One of those Montessori-inspired moments of task completion, 1991.

We live in a goal-oriented era, and some of us reside in particularly goal-oriented countries and cultures, with some areas (like mine) even more exceptionally goal-oriented than others. Suffice it to say that many of us modern humans are focused on results, and because the short game gets us to the results faster, we love the short game. We want to get to the goal and check it off. We want to be able to report that we got the job done.

I make lists upon lists and I measure the success of my day by how many items I check off. I sometimes put mundane things on the list – “exercise,” “pay bills” – so that I can anticipate crossing off a few items. Sometimes when I take care of a task that I had forgotten to include, I’ll write it on the list and cross it off immediately after. I admit it’s a little pathological, but it gives me the sense of accomplishment I need.
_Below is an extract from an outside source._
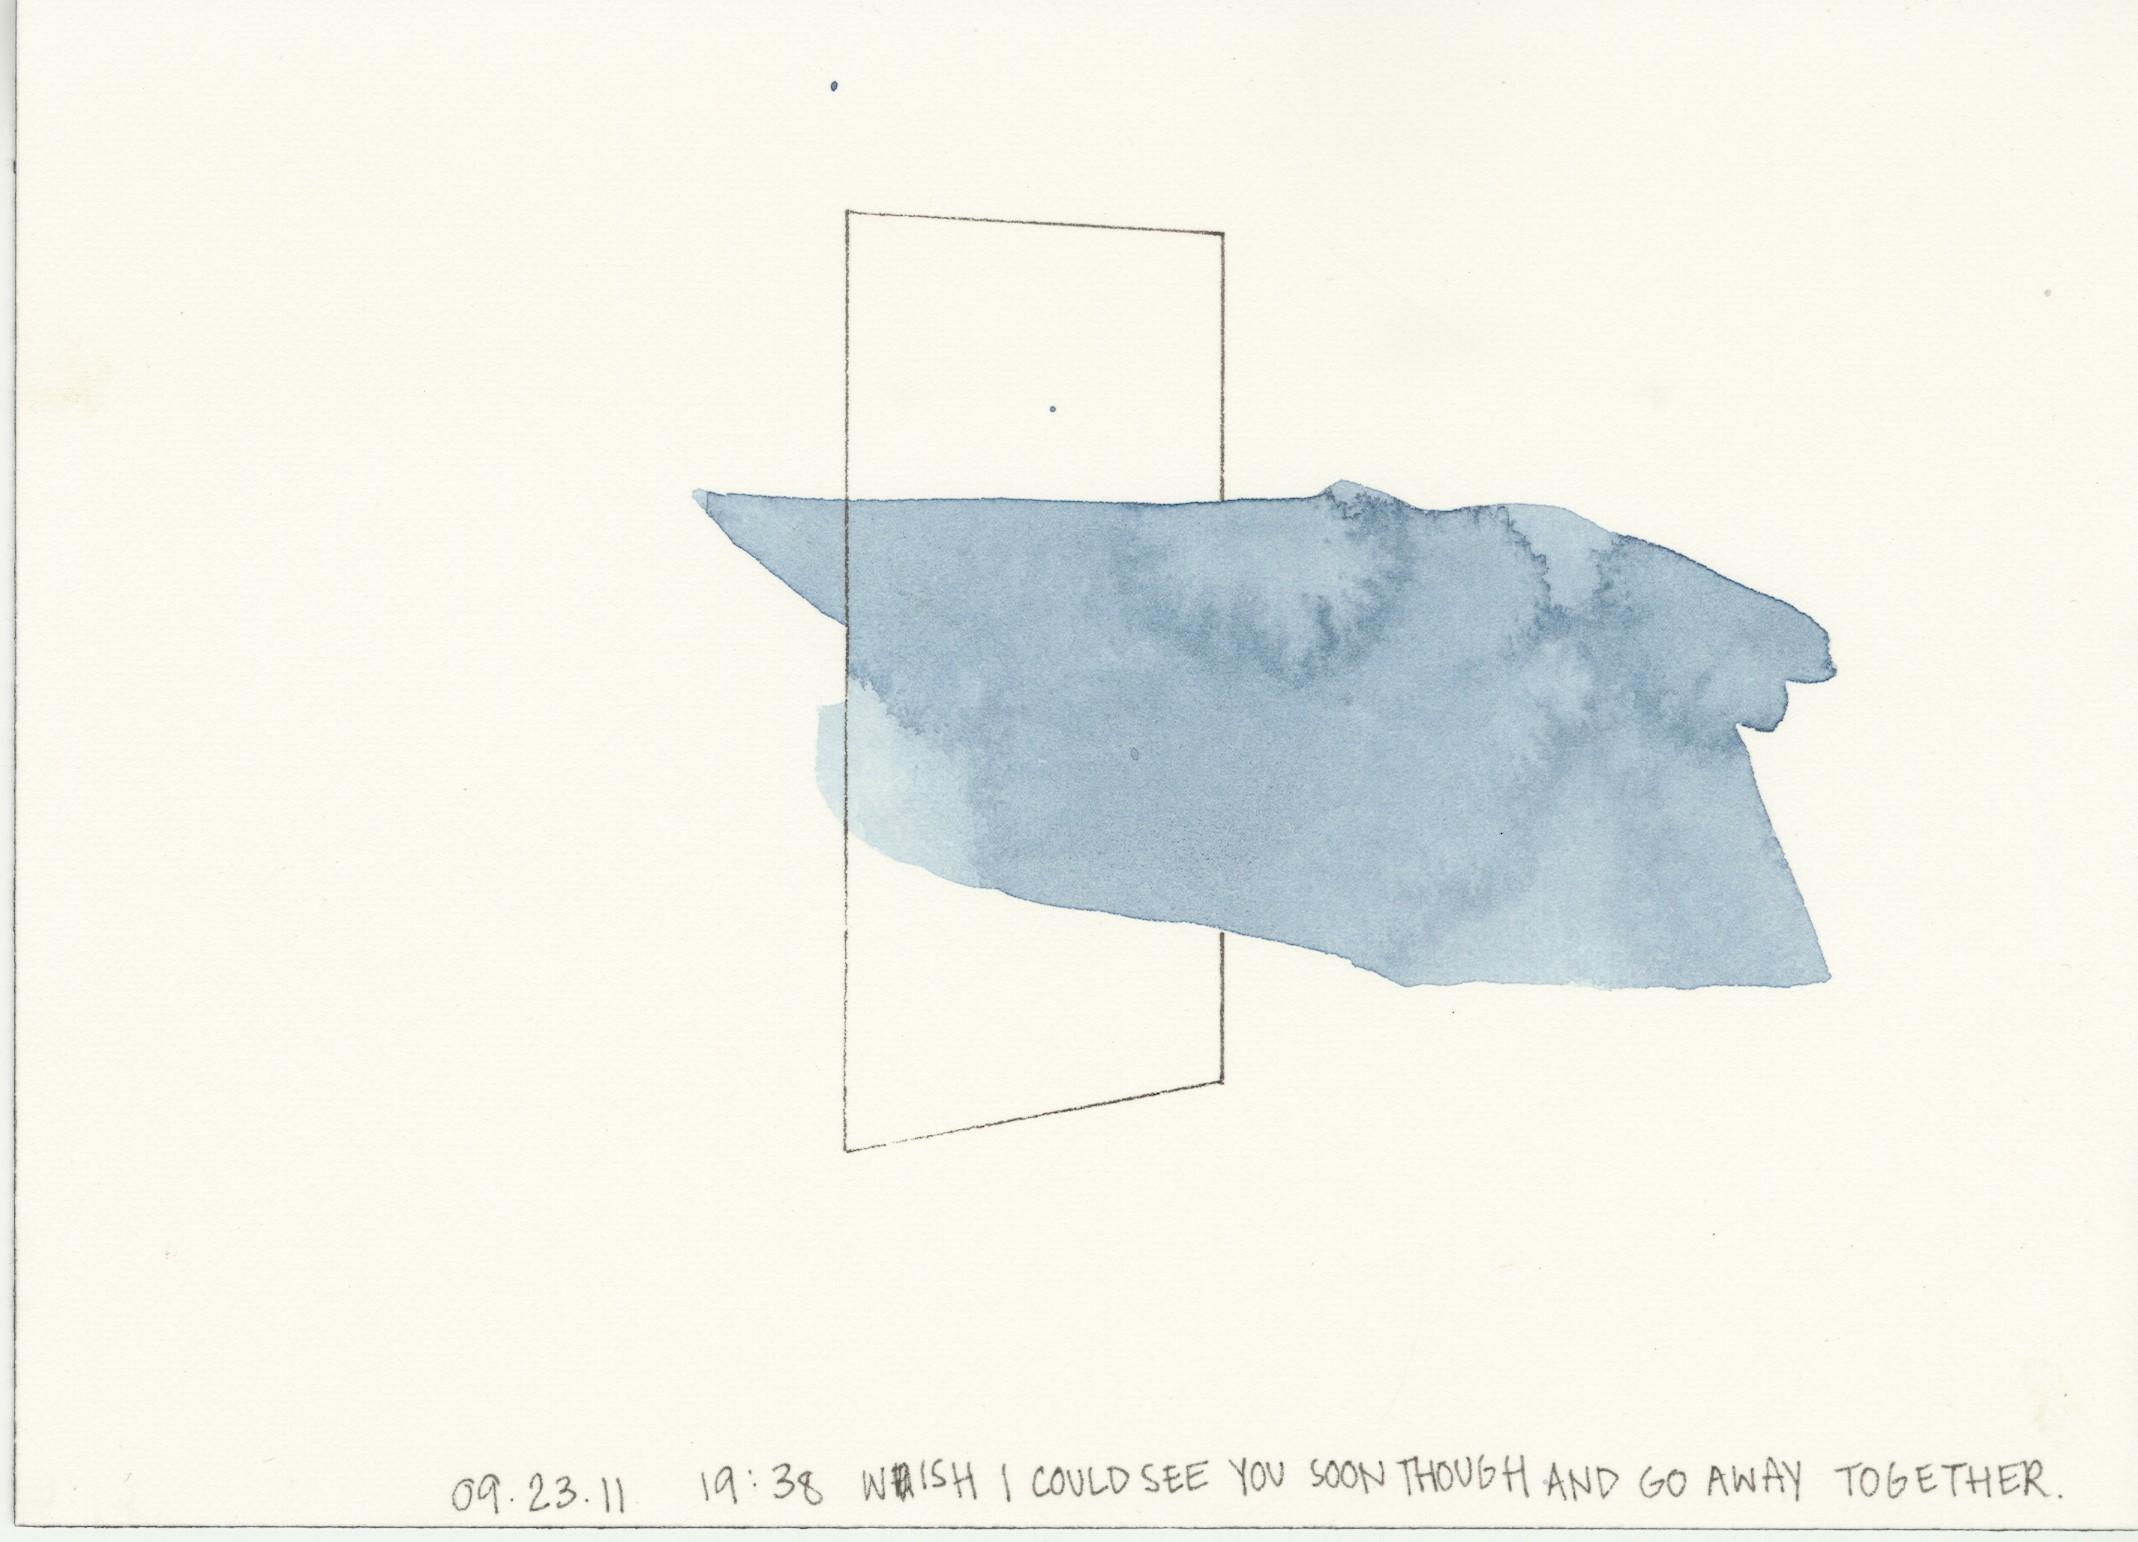 2011-10-28 drawing01.jpg

On the days when I cannot reach many – or any – of my goals, I feel supremely unsettled. Like a low-grade headache this feeling nags at me, and I wonder if I’ve left something important off my list, and eventually I realize the issue: It’s just that the current list is full of long game things that cannot be accomplished quickly or easily.

Grief is one of the long game things.

Based on my experience so far, I don’t think grief follows any goal-achievement rules. In fact I’m not sure we should impose any time-focused goal process on grieving at all. We may have personal goals as we grieve, such as a goal to get through a day moment by moment, step by step. Perhaps a goal to shower, a goal to eat something, a goal to breathe. I hesitate to mention even those goals, as manageable as they may seem, because to me whatever a griever can manage is enough, no matter how minimal it seems. Feeling as though you fail to achieve goals over and over is not likely to give you strength to continue. Feeling as though you are doing what you can, on the other hand, just might.

Grief is like physical fitness. To get what you need from it, you have to work at it indefinitely. What happens if I train for a marathon, run the marathon, and then stop running? In short order I become unable to run another marathon, of course. If I work up to bench press 300 pounds and then stop lifting, I will no longer be able to bench 300 pounds. It’s that simple. You’ve heard the term “fitness is for life?” Well, I think grief is for life.

Grief is for life. You may think this sounds awful, as though there is no end in sight for a grieving person. But I mean something different, actually. I mean that grieving is for life in the sense that when I grieve, I LIVE. As I allow myself to grieve I feel what I need to feel, I am awake, I am present, I am fully myself. I am alive. When I try to escape my grief, however, I shut off a part of myself that is too important to do without. Grief is in my blood now, and my heart does not select only certain elements of my blood to send around. All of it goes everywhere, to every cell, every day, the grief and the sustenance together. I have to grieve in order to live.

If you are grieving, you are in for the long game. It’s as long of a game as your life is. But it doesn’t mean your life must become grief, or that you cannot change, cope, and continue your journey. It means grieving becomes a part of living, perhaps indistinguishable from what sustains you. It also means you have company. I and countless others will be playing the long game alongside you. Let's help one another set the checklists aside and live each moment as it arrives.